Substitute $1.00$ for $n_{\text{air}}$ and $1.458$ for $n_2$ in equation (I) to calculate ${\theta }_2$.

    $\begin{array}{c}{\theta }_2={\sin }^{-1}\left(\frac{(1.00)\sin 75.0°}{1.458}\right)\\ =41.5°\end{array}$

Therefore, the angle of refraction at the first surface is $41.5°$.

(b)

To determine

The angle of incidence at the second surface.

Answer to Problem 29P

The angle of incidence at the second surface is $18.5°$.

Explanation of Solution

From the figure-(1)

    $\alpha +{\theta }_2=90°$                                                                                                             (II)

    $\beta +{\theta }_3=90°$                                                                                                             (III)

Here ${\theta }_3$ is the angle of incidence at the second surface and ${\theta }_2$ is the angle of refraction at the first surface.

Add equation (III) and (IV).

    $\alpha +\beta +{\theta }_2+{\theta }_3=180°$                                                                                           (IV)

From the figure in $\Delta \text{ABC}$,

    $\begin{array}{c}\alpha +\beta +60°=180°\\ \alpha +\beta =120°\end{array}$                                                                                                 (V)

Conclusion:

Substitute equation (V) in equation (IV)

    ${\theta }_2+{\theta }_3=60.0°$                                                                                                      (VI)

Substitute $41.5°$ for ${\theta }_2$ in equation (VI) to calculate ${\theta }_3$.

    $\begin{array}{c}{\theta }_3=60.0°-41.5°\\ =18.5°\end{array}$

Therefore, the angle of incidence at the second surface is $18.5°$.

(c)

To determine

The angle of refraction at the second surface.

Answer to Problem 29P

The angle of refraction at the second surface is $27.5°$.

Explanation of Solution

Write the expression of Snell`s Law.

    $\begin{array}{c}{n}_2\cdot \sin {\theta }_3=n_{\text{air}}\sin {\theta }_4\\ {\theta }_4={\sin }^{-1}\left(\frac{n_2\cdot \sin {\theta }_3}{n_{\text{air}}}\right)\end{array}$                                                                               (VII)

Here, $n_{\text{air}}$ is the refractive index of air, $n_2$ is the refractive index of fused quartz, and ${\theta }_3$ is the angle of incidence at second surface and ${\theta }_4$  is the angle of refraction at the second surface.

Conclusion:

Substitute $1.00$ for $n_{\text{air}}$ and $1.458$ for $n_2$, $18.5°$ for ${\theta }_3$ in equation (VII) to calculate ${\theta }_4$.

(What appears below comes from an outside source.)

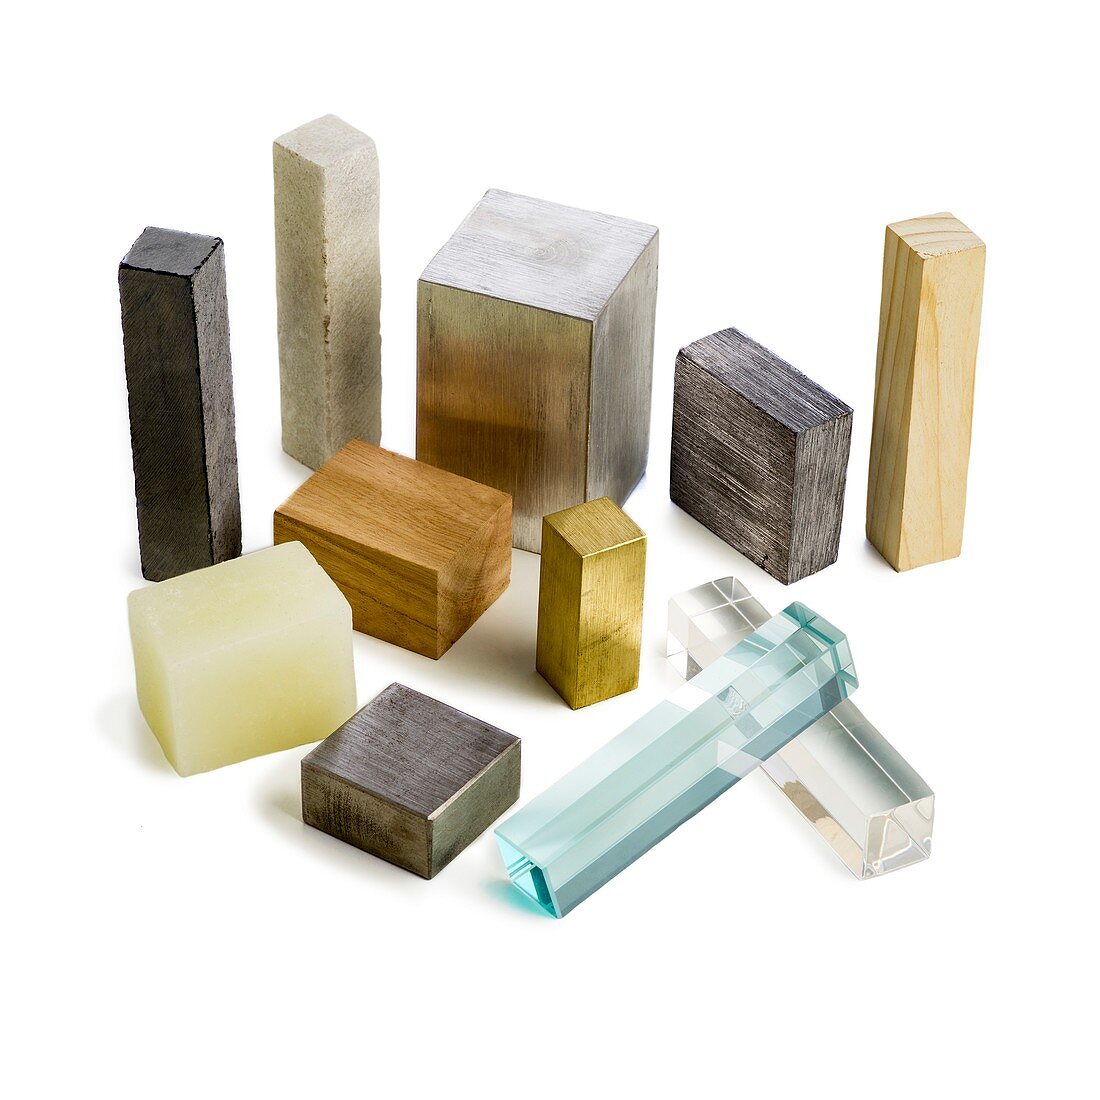 Variety of solid materials

    $\begin{array}{c}{\theta }_4={\sin }^{-1}\left(\frac{(1.458)\sin 18.5°}{1.00}\right)\\ =27.5°\end{array}$

Therefore, the angle of refraction at the second surface is $27.5°$.

(d)

To determine

The angle between the incident rays and emerging rays.

Answer to Problem 29P

The angle between the incident and emerging rays is $42.5°$.

Explanation of Solution

Write the expression of angle between incident and emerging rays.

    $\gamma ={\theta }_1-{\theta }_2-{\theta }_3+{\theta }_4$                                                                                             (VIII)

Here, $\gamma$ is the angle between incident and emerging rays, ${\theta }_1$ is the angle of incidence at the first surface, ${\theta }_2$ is the angle of refraction at the first surface, and ${\theta }_3$ is the angle of incidence at second surface and ${\theta }_4$ is the angle of refraction at the second surface.

Conclusion:

Substitute $75.0°$ for ${\theta }_1$ and $41.5°$ for ${\theta }_2$, $18.5°$ for ${\theta }_3$ and $27.5°$ for ${\theta }_4$ in equation (VIII) to calculate $\gamma$.

    $\begin{array}{c}\gamma =75.0°-41.5°-18.5°+27.5°\\ =42.5°\end{array}$

Therefore, the angle between the incident and emerging rays is $42.5°$.